Zitat:
Die russischen Zaren konnten das ganze 19. Jahrhundert über genau beobachten, wie in Europa die Bauernbefreiung, die (vom Adel) gesteuerte Aufklärung und die zunehmende Industrialisierung ein Erfolgsmodell wurden. In Russland wurden wichtige Entwicklungen verschlafen, weil der Zarenthron nicht die absolute Macht im Land besaß, sondern sich die Kontrolle teilen musste mit dem alteingesessenen russischen Adel, der keine Lust hatte, etwas an der mittelalterlichen Leibeigenschaft der Bauern zu verändern.
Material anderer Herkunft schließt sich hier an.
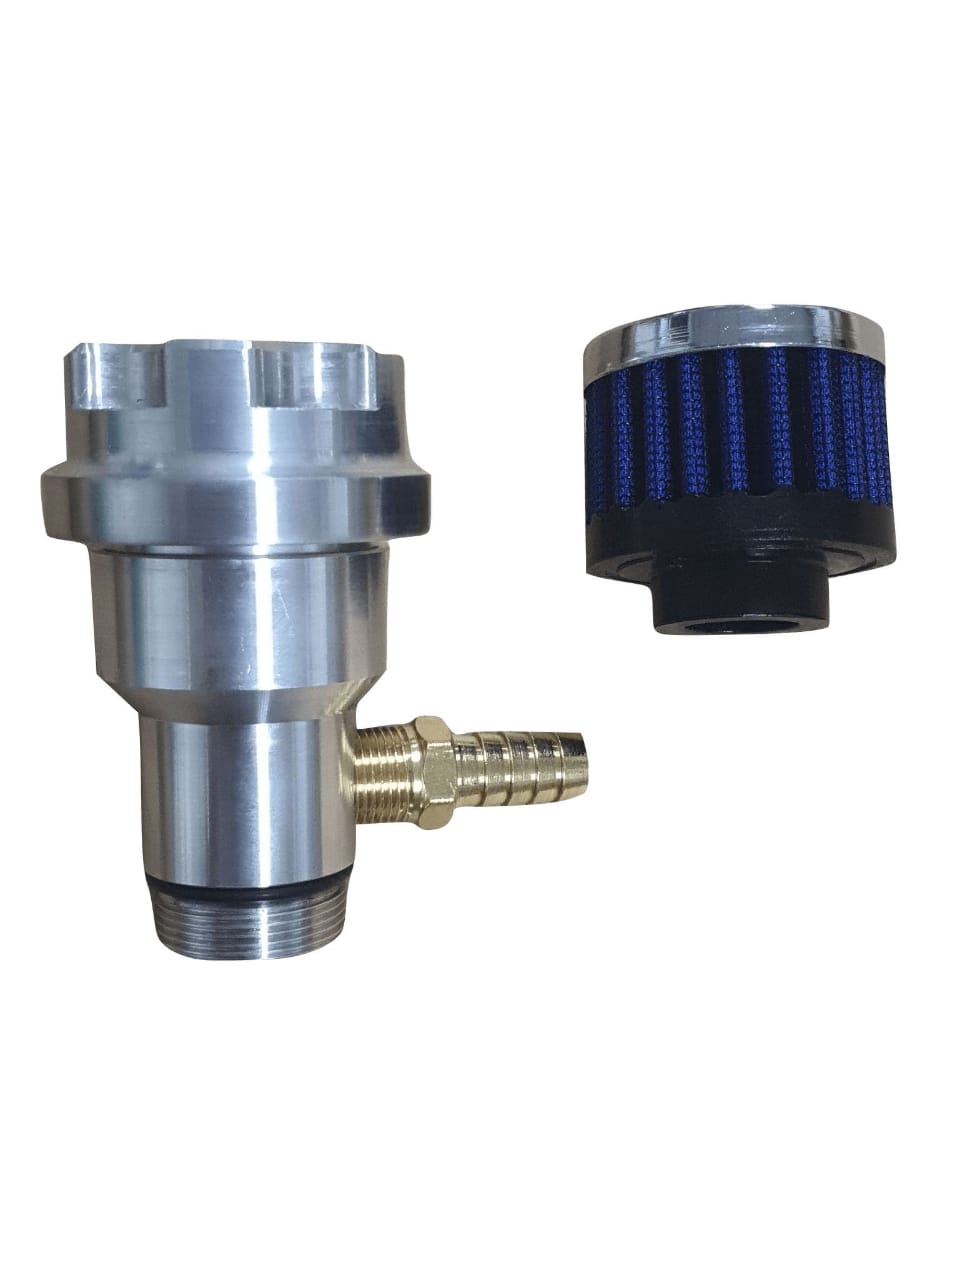 Prolongador de óleo aluminio c/ niple + filtro respiro azul Fusca e similares  - SSR Peças & Acessórios ltda ME.

Für die Zaren wäre es naheliegend gewesen, über die Geheimdienste dafür zu sorgen, dass sich aufklärerische und sozialistische Ideen verbreiten und gewisse Strukturen heranbilden. Solange diese Operation nicht aus dem Ruder läuft, könnte man eines Tages die gewöhnlichen Adeligen zu Veränderungen zwingen oder gar entmachten, während die Zaren aus dem Rampenlicht größtenteils verschwinden, um aus dem Schatten heraus die Fäden zu ziehen.
Alternativ konnte man auch stärker sozialistische Strömungen verbreiten und eine sozialistisch getarnte Revolution inszenieren. Die sozialistischen Revoluzzer Alexander Herzen und Mikhail Bakunin verbreiteten eine Weile lang sogar die Idee, die Herrschaft der Romanows solle weiterlaufen und die Romanows sollten den erwünschten Wandel mit herbeiführen und die Bauern befreien.
In Band I meiner Buchreihe über die Supermächte verfolge ich die Hypothese, dass bei den Zaren und ihren britischen Verwandten letztendlich die Entscheidung getroffen wurde, eine sozialistisch gefärbte Revolution zu inszenieren, den Tod der Zarenfamilie vorzutäuschen, die anderen Romanows abreisen zu lassen und einen Krieg zu führen gegen die gewöhnlichen, alteingesessenen Adeligen in Russland.